A note, the barest tremor, of desperation appeared to enter the old man’s voice. His demeanour gave nothing away, unchanged as it was without the barest flicker of the eyes to denote fear or loathing. But his voice still carried trace elements of…something. Death faced him without moving. The old man shifted uneasily after an aeon. Outside the vastness of forgotten waste howled unheard. Clouds boiled across what was left of a broken sky and polluted rain corroded a diseased ground even further. And still the pair argued, unaffected and oblivious.
There is a time and there is a place.
The old man was becoming palpably desperate. His words said very little but the tone spoke deafening, illuminating volumes. His eyes shone now, the dark spaces fever bright with the intensity of a superhuman longing to be, to remain. The ghost of other presences made not a move though it spoke.
-You are decaying yourself. Look at you, frail flesh hanging on a weakened frame. You know the end involves you, must consume what form you take and that form has come to define you in the absence of other markers. There are no other ‘people’, he said pronouncing the word disdainfully, to compare yourself with. You cannot hold in your memory what it is to exist in the absence of others.
-I AM NOT HUMAN, the old man shouted.
-Not for a long time. But you are now. You have become so. The creator became the created, too fond was he of his creation, studying it too closely. Play became mimicry, mimicry became normality and normality became mortality. There is a cycle to it, an inexorable movement. It is too certain.

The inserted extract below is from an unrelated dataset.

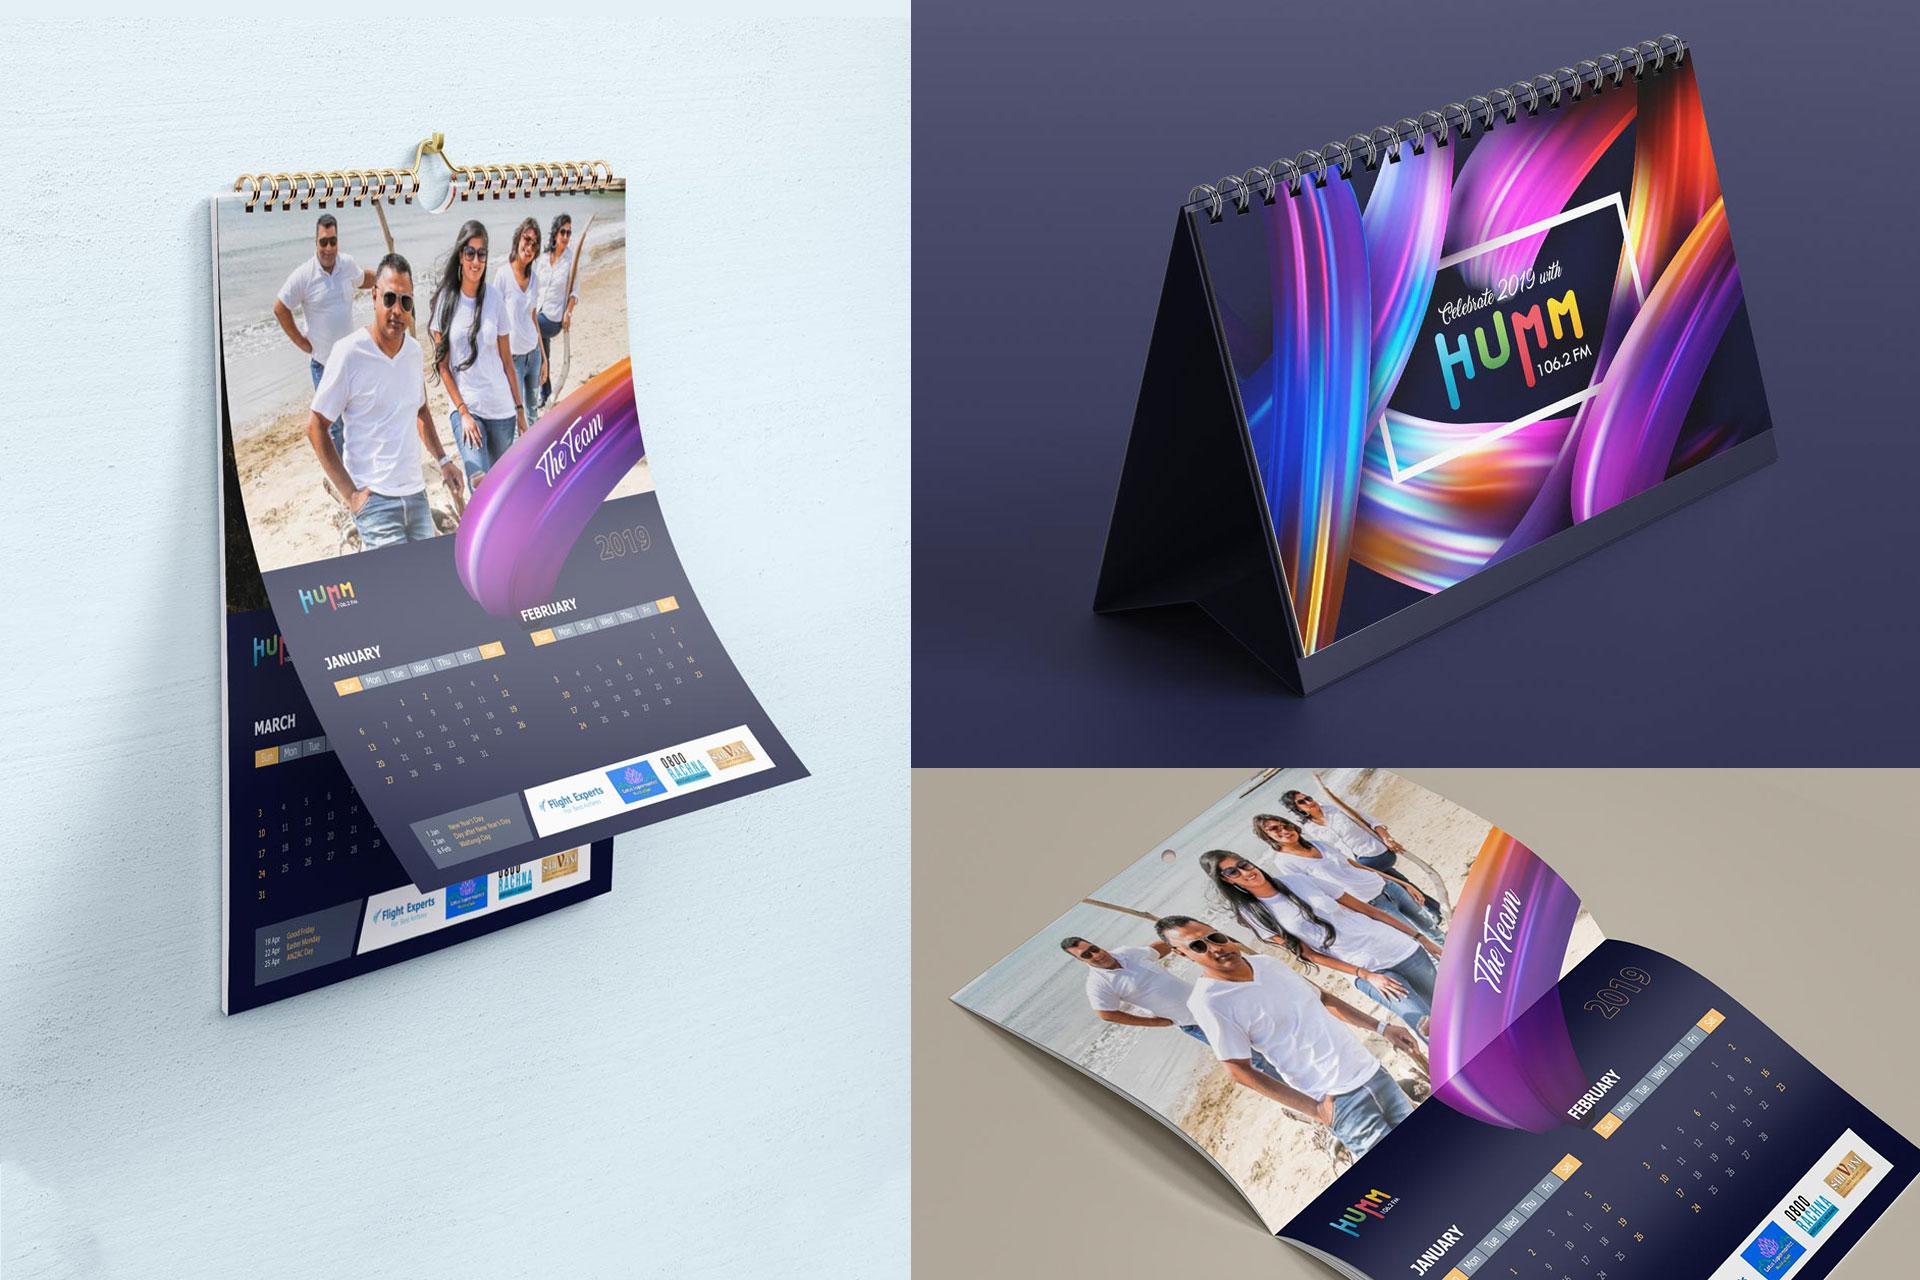 Humm Fm calendar design

Death rose. The old man tried to summon what he knew was no longer there. Bitter beads of sweat formed on the old forehead with the effort. His hands shook as they clenched the arms of the chair.
Still, Death merely looked at him.
-I do not know the meaning of kindness but…
-Yes? The old man looked up, suddenly very human, suddenly hopeful.
-…you were great once. Be glad of that.
Death walked to the door which opened without being touched. It closed gently after him.
The old man sat in his chair until the breath left his lungs and his heart stopped. He could feel every millimetre of blood vessel that he possessed, he could hear every alveoli opening and closing but could do nothing when they stopped, when his body failed.
After a time, God died. And there was no one there to notice.